Let's interpret that. The first part, `//h3`, says to search for anything with the tag `h3`, which is the style used to display results in a google search.

To see this, go to Google, search for "poodle", and when the results show up, note two things:

1. The URL has (probably) changed to a long, complicated string of text that contains `https://www.google.com/search?q=poodle` somewhere within it.
2. If you place your cursor above the first site returned (Wikipedia) and right click and select "inspect element", a new panel will open down below showing you all about this element: it has an `h3` tag, with the attribute `class="r"`...which exactly matches the first part of that Xpath: that first part says "look for h3 tags with the class attribute equal to 'r'". The second part says "and within there, look for 'a' tags, and tell me the value of the 'href' attribute." It turns out that "a" tags are hyperlinks, and the "href" attribute is the URL for the linked page. (Note: these instructions work on Google Chrome or Firefox. If you are using Safari, after you click "Inspect Element", you have to click on the source code button just over the results, and change it to "DOM Tree".)
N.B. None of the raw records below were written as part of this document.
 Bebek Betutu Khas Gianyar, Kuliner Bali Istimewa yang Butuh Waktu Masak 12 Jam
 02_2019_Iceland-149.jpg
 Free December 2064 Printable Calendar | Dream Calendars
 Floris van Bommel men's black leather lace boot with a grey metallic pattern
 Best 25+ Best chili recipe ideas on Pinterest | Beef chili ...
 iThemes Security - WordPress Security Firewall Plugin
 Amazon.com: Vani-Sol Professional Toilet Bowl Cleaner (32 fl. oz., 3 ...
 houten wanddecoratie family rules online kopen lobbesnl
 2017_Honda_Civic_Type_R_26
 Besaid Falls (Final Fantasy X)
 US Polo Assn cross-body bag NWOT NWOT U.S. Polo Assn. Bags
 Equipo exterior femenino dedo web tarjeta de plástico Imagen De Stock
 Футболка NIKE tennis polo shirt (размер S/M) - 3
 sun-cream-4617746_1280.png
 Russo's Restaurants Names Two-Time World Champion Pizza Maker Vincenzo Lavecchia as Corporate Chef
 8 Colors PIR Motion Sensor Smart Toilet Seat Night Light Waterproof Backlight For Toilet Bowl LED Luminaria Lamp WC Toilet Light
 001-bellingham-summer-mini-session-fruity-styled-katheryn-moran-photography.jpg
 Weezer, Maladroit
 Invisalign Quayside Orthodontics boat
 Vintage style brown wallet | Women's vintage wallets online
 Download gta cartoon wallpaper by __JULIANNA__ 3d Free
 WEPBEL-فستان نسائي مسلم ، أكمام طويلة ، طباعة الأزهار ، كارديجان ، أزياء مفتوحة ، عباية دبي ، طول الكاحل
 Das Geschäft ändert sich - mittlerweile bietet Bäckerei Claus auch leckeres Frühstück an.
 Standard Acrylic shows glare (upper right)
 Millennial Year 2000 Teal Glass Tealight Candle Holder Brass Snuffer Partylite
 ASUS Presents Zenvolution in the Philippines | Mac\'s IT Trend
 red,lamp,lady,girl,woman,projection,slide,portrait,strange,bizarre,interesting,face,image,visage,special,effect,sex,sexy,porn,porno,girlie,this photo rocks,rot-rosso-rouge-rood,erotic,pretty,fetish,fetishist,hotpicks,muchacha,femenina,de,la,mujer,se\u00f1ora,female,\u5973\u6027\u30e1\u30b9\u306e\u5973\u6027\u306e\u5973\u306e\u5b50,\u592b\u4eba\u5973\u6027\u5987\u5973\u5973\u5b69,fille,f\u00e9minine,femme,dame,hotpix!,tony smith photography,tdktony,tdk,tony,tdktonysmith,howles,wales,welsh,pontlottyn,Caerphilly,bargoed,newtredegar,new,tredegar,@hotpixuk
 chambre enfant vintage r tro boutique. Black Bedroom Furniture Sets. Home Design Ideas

Note: The URLs found by this XPath begin with a "/url..." because they are relative URLs. In other words, all these links require "https://www.google.com" prepended to them in order to work. The absolute URL for each result is kept in the `data-href` attribute, but we cannot access these because of a bug in Google Spreadsheets (it cannot correctly parse hypenated names). To get around this, we use substitute(cell name or string, target, replacement) to replace every instance of "/url?q=" with "", effectively getting rid of it. We also use substitute to get the right urls for image or news searches google returns, since those behave a bit differently than regular url results.
3. Fill in the formula in cell B5 to instead return the number of "results" listed at the top of the page (about 28.8 million when we tried it!). Once again, you can use "inspect element" to help you. Hint: Everything from `/a` onwards isn't needed, because you want the actual contents of this entity, not the value of some attribute.
4. Let's import earthquake data provided by USGS from online CSV data. Create a new sheet called "Earthquake" and import all the earthquakes 2.5+ Richter in the last day.

In cell `A1`, use the `IMPORTDATA` command, using the following URL as the data source: `"http://earthquake.usgs.gov/earthquakes/feed/v1.0/summary/2.5_day.csv"`

5. Now go back to the ImportExamples sheet and look at cell `B20`: we've used `importHTML`, which is a lot like `importXML`, except that it handles less structured webpages better (but does less with them). In this case, we've opened a webpage that lists incidents of piracy on the high seas, and said that we're looking for a TABLE within that page (we tried both "list" and "table", and "table" worked; we could have used the "inspect element" trick to save ourselves the trouble). We've said that we want the very first table (that's the "1" at the end of the formula), and the results show us several piracy incidents.

The sad thing is that it doesn't show as many as the webpage itself does. Web servers don't have to give the same result to Google Spreadsheets as they do to a browser, and this seems to be an example of that happening: we only get about 10 results.

Below that, in cell `B34`, is a formula that should load up data from the national earthquake center...but their webpage's XML is broken, and Google's XML-reading program can't make sense of it.

Below that, in cell `B36`, is a formula for reading the low temperatures listed on the weather page for zipcode 02912; I found the URL by going to weather.gov and entering "02912" in the search box. I then figured out what to search for (i.e., the Xpath) by using "inspect element".

Change this so that cell `B36` shows the current temperature instead of starting a table of low temperatures.

## Handin

Share the following file with `cs0931handinfall2015@gmail.com`

• `FirstLast_HW1-4` google spreadsheet
• In the above file name, "FirstLast" should be replaced with your first and last name. If it is not, we will take off points. Make sure every task has been completed.